*PROBLEM STATEMENT:* After finding the line containing "Crianças em pátio" below, please output that line and each following one through the line containing "Legendinio partizanų vado", exactly as written.

*DATASET:*
+++

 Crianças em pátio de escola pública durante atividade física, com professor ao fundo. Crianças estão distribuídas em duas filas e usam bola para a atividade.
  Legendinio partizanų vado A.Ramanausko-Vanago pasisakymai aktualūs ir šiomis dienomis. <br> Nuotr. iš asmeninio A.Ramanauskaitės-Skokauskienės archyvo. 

+++

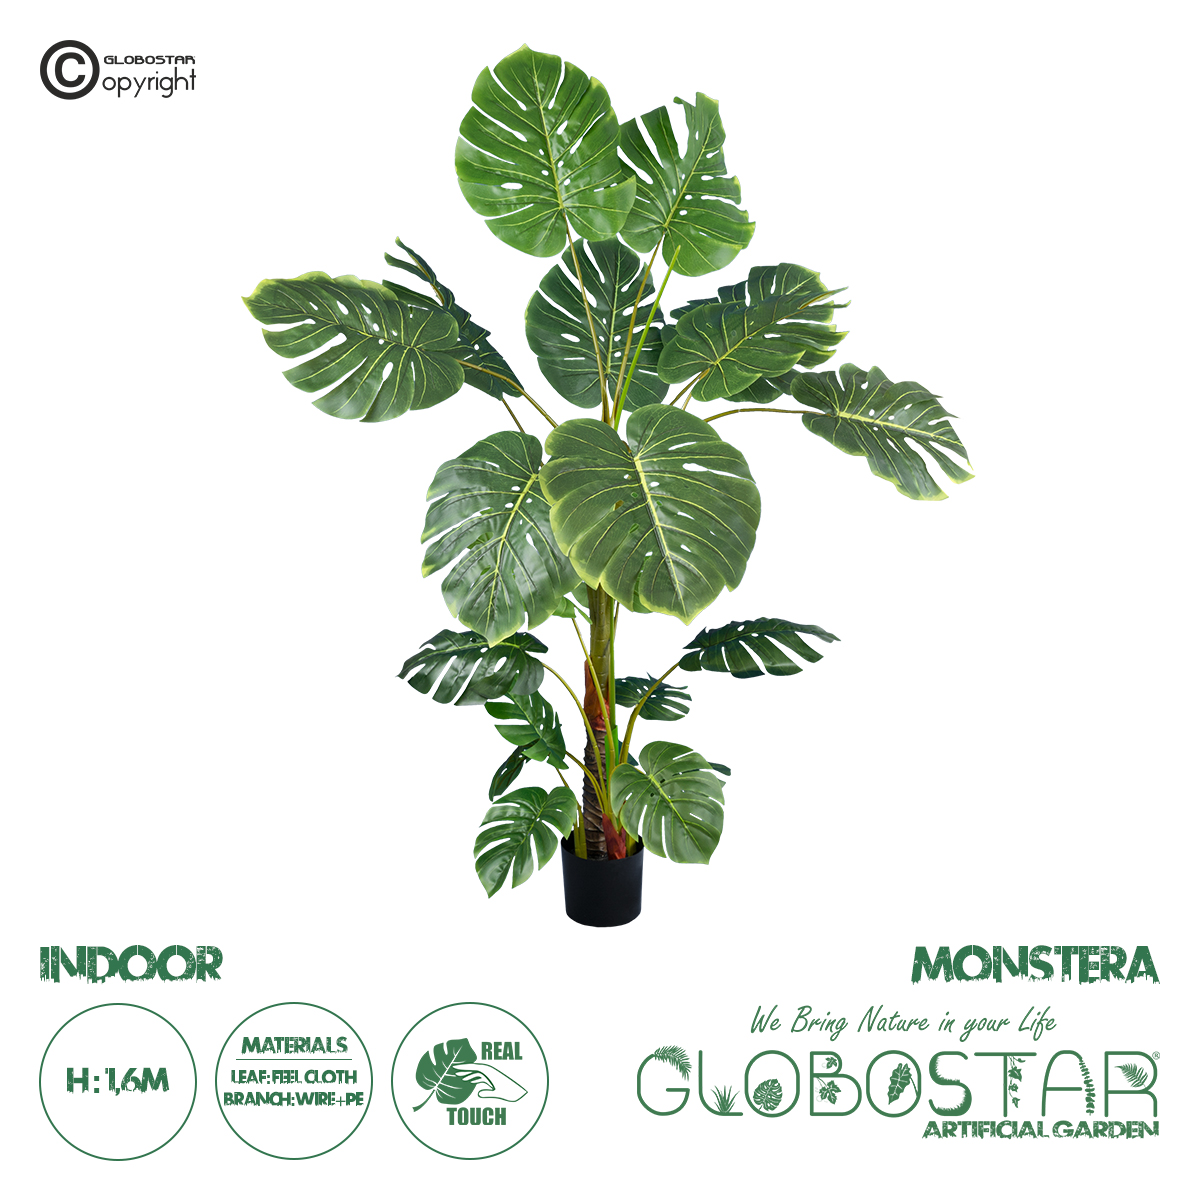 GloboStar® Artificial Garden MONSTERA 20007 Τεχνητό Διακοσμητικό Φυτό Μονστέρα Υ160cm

+++

*ANSWER FOR THE TASK:*
 Crianças em pátio de escola pública durante atividade física, com professor ao fundo. Crianças estão distribuídas em duas filas e usam bola para a atividade.
  Legendinio partizanų vado A.Ramanausko-Vanago pasisakymai aktualūs ir šiomis dienomis. <br> Nuotr. iš asmeninio A.Ramanauskaitės-Skokauskienės archyvo. 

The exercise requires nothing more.